The following is a story I heard on an episode of the TV series the West Wing. It is a piece of dialogue used to illustrate a point about why one of the characters wasn’t fired from his job, and why he was forced into seeking help from a psychologist about a trauma he is suffering from. Neither one of the characters in the scene is the psychologist; the younger one is the man going through post traumatic stress disorder. Every time I see it or hear it, I get emotional. I love it, and live it out. I hope you do too.

A guys’ walking down the street and falls into a hole. The walls are so steep he can’t get out. A doctor walks by and the guy in the hole shouts, “I’m stuck can you help me?” The doctor writes out a prescription throws it down the hole and moves on. Then, a priest walks by and the man shouts, “Father, I’m stuck can you help me?” The priest writes out a prayer, throws it down the hole and moves on. Then a friend walks by and the man in hole shouts, “Hey Joe, it’s me, I’m stuck down here, can you help me out?” The friend then jumps in the hole. Our guy says, “Are you stupid, now we’re both stuck down here!” The friend says, “Yeah, but I’ve been down here before and I know the way out.”

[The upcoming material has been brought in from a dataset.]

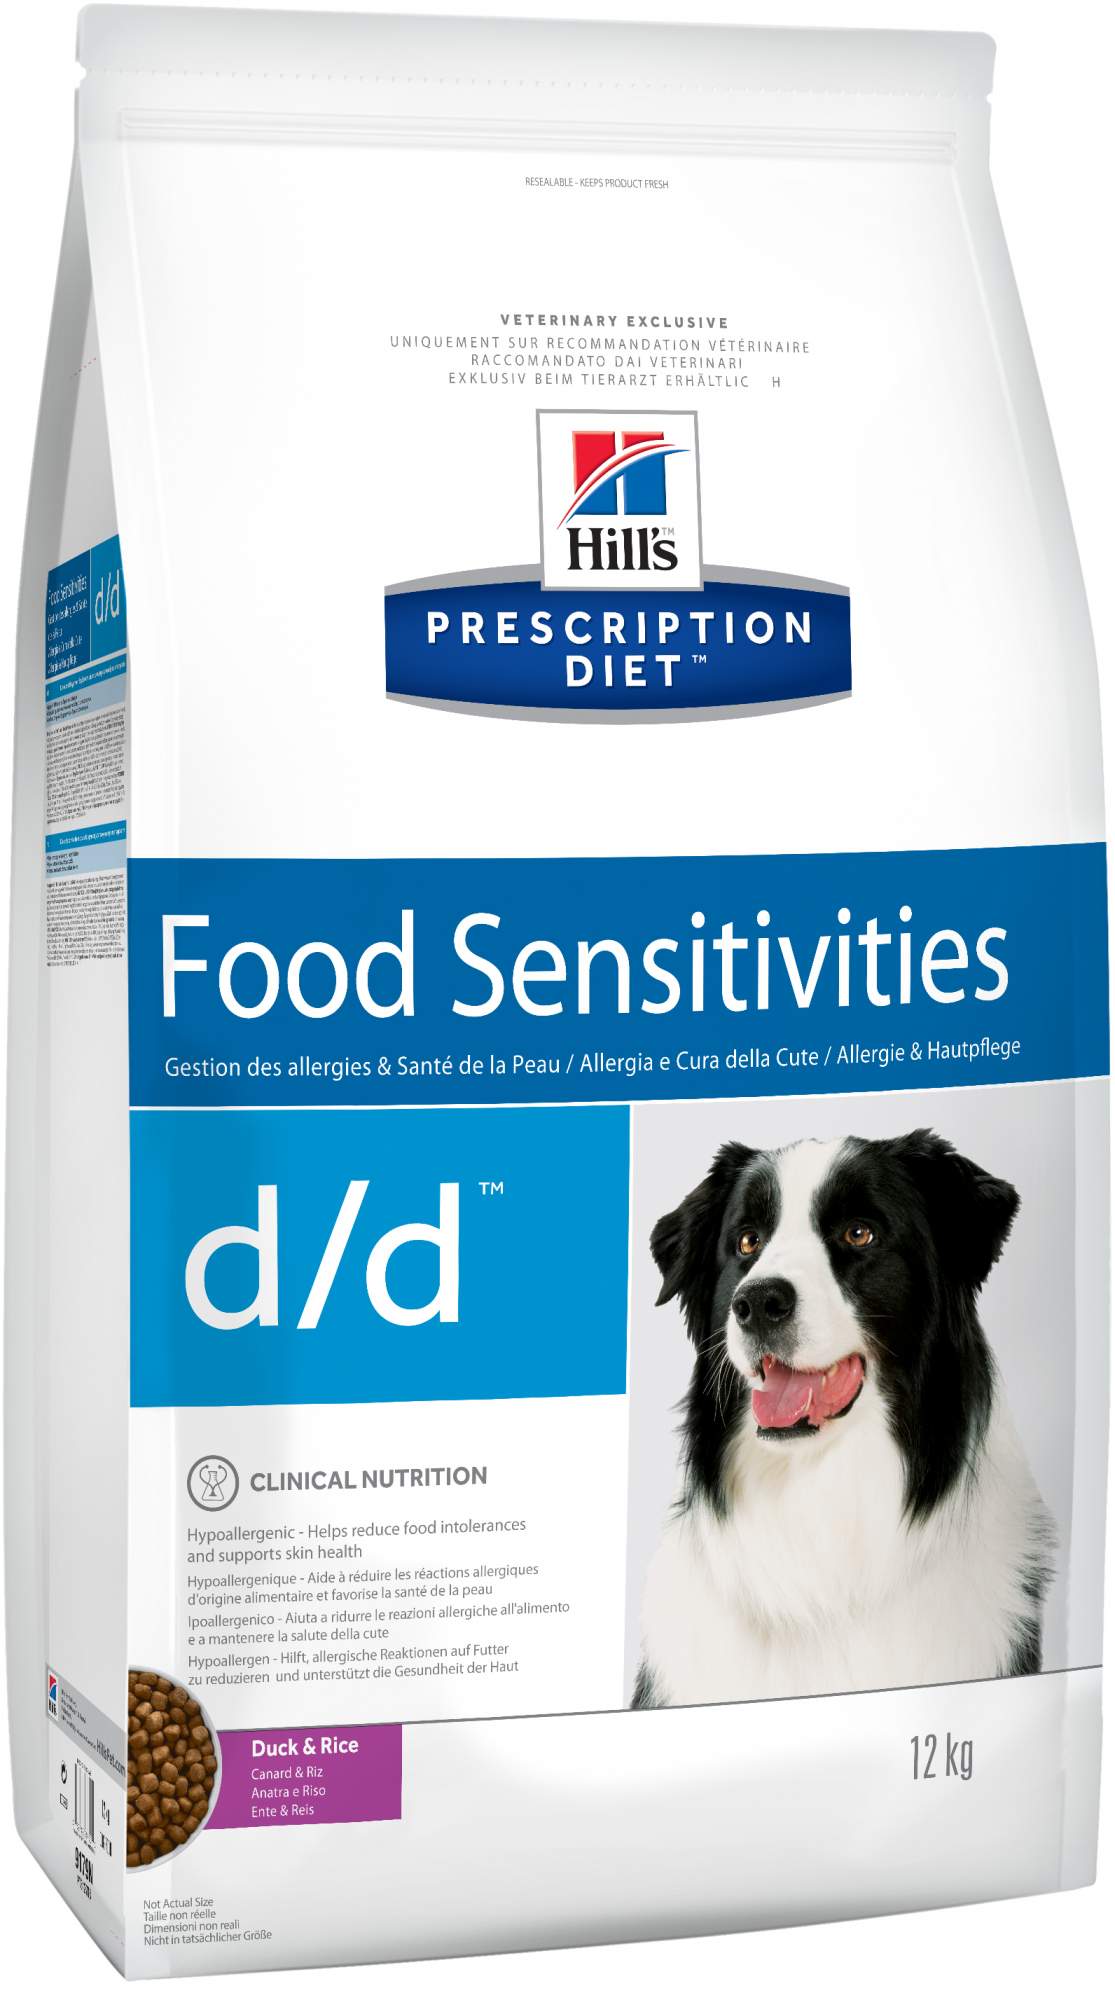 Сухой корм для собак Hill's Prescription Diet d/d Food Sensitivities, утка, 12кг

I love this little story. I love the meaning, the implications, the lessons, and the sacrifice. What do we know? A man falls in a hole, two men who could help, help, but not in the way the man in the hole needs. He’s looking for a way out of the hole, and the Doctor and priest think they need to put their skills to use and do what they do best, write prescriptions and say prayers. Sure, they mean well, but it’s not what the man is asking for. He wants to get out, and these men don’t offer that kind of help. We don’t know if they know the man, but it would seem that they don’t, because of their lack of insight into what the man is asking for and the fact that the third man to walk by is introduced as a friend.

He’s someone that knows our guy stuck in the hole. He refers to him by name and the author introduces him to us as friend unlike the previous two who are given titles of career not relationship to the man.

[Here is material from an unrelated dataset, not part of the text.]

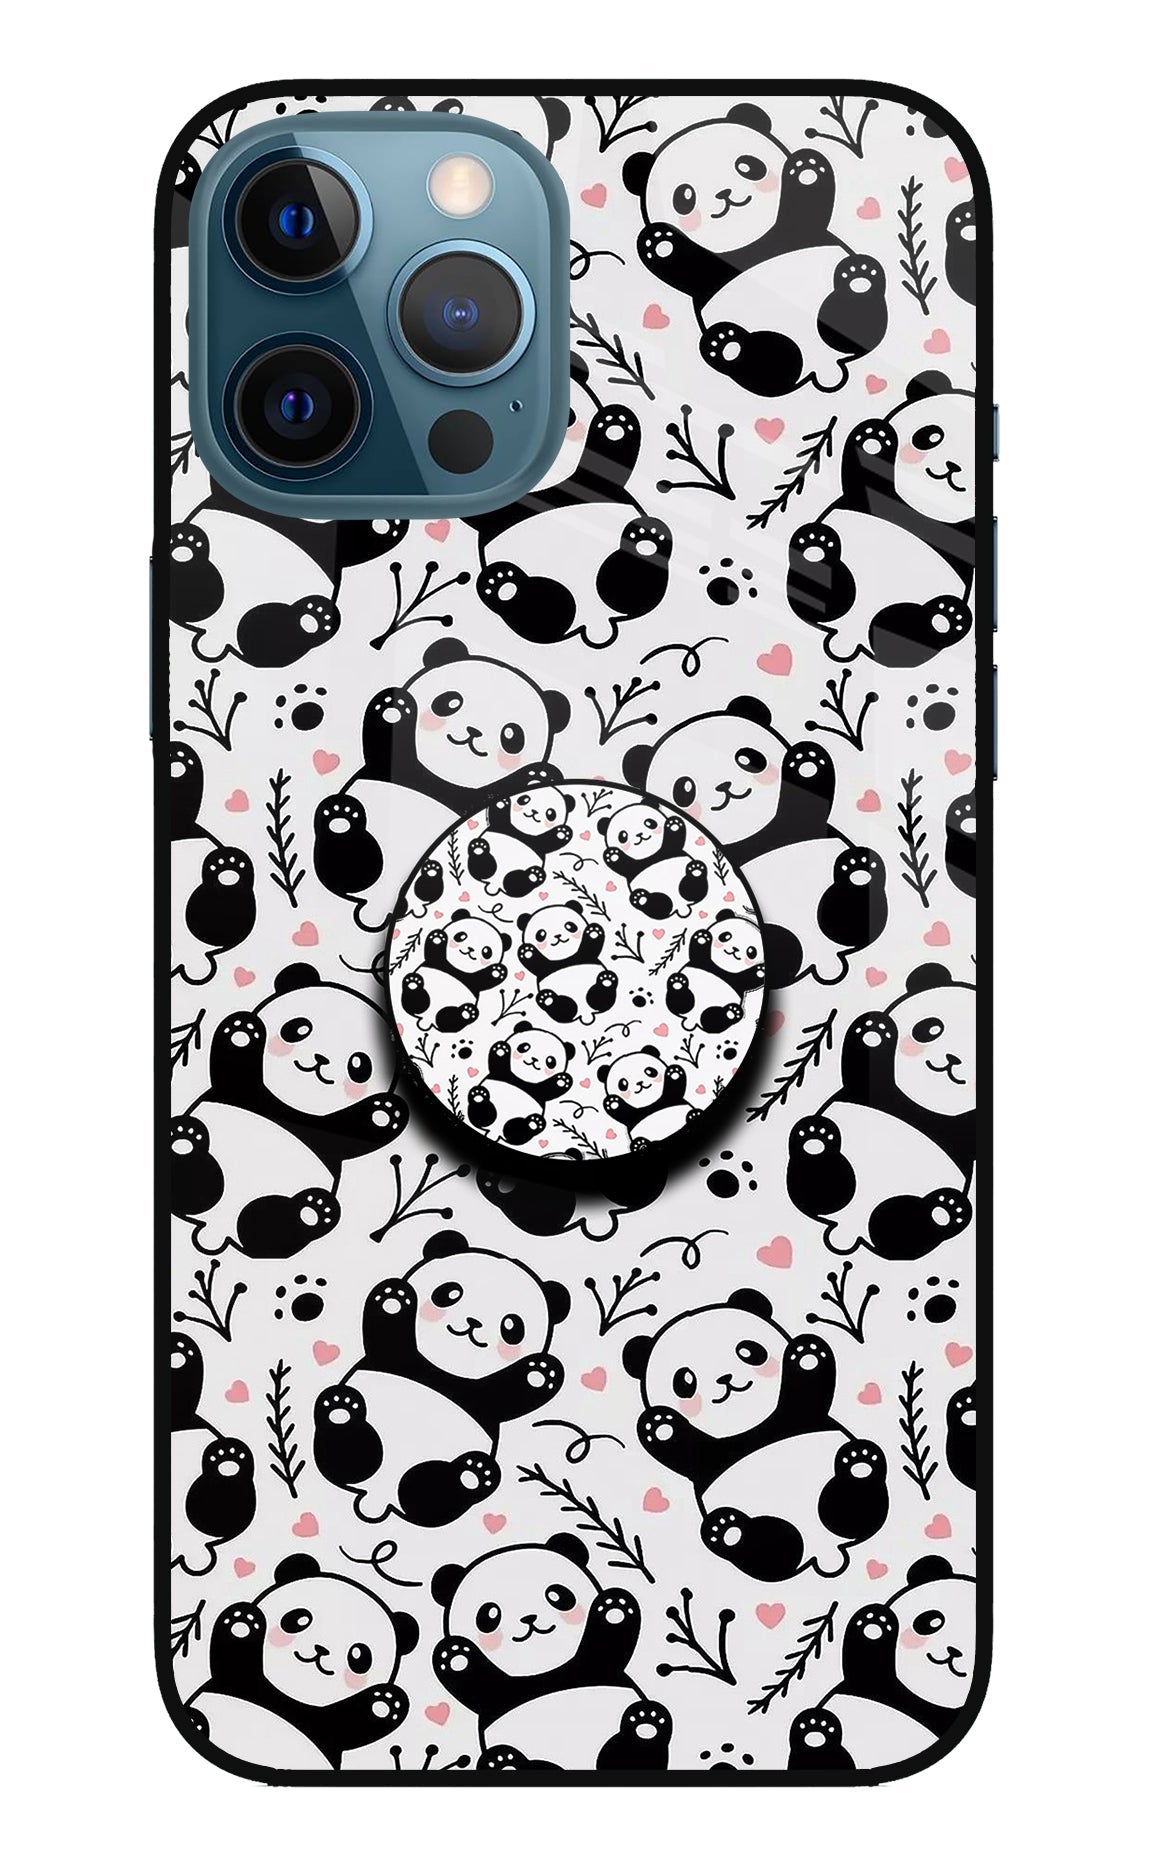 Cute Panda iPhone 12 Pro Max Glass Case

The friend who jumps in the hole is offering something to the man that the other two would not, a hand. By jumping in the hole with our guy he is saying that his well being is more important to him that his own. He is willing to sacrifice himself so that his friend can get out. We also know that this man, the friend, has been in this hole before, this situation, and he knows the best way to get out. His way of helping is to put himself in the same situation as his friend and use his experience to help him out of his problem.

So, what’s the meaning?

It takes a friend, a true friend, someone who knows you, to help you through the rough spots in your life. Asking for help from a stranger may not yield that result you’re looking for. They may help you, but not in the way you’re hoping for. The friend, knows what he’s going through, knows how best to help him and is willing to put his friend in trouble ahead of himself. A doctor and a priest, while capable of pulling the man out, or going to get help, don’t do it. They think that he is asking for professional help, not personal help. The friend understands what he needs and gives it to him. However, rather than pulling him out of the hole with a rope or arm, or something else, he jumps in and SHOWS him how to get out himself. He leads him to the way out. The hole could be a metaphor for anything. We know he’s in trouble, but it could be any kind of trouble. It could be financial, physical, marital, mental, work related, or whatever. The friend who jumped in was familiar with the trouble having been in it before and knew the best way to overcome it. He knew the way out.

It’s hard to ask for help, and it’s hard to know what exactly you need to do to give help. Sure you can physically help someone out of a tough place, or you can show them how to help themselves. What is important is that you, the friend, are willing to put your friend ahead of yourself.

Be helpful, but also, listen to what your friend is asking you to do. Be attentive and be willing to sacrifice if necessary. That is the true measure of a friend. It’s the way I try to be, and it’s the way I hope you will be. You may have been there before and know the way out. Don’t be afraid to show it. Your friends are counting on it.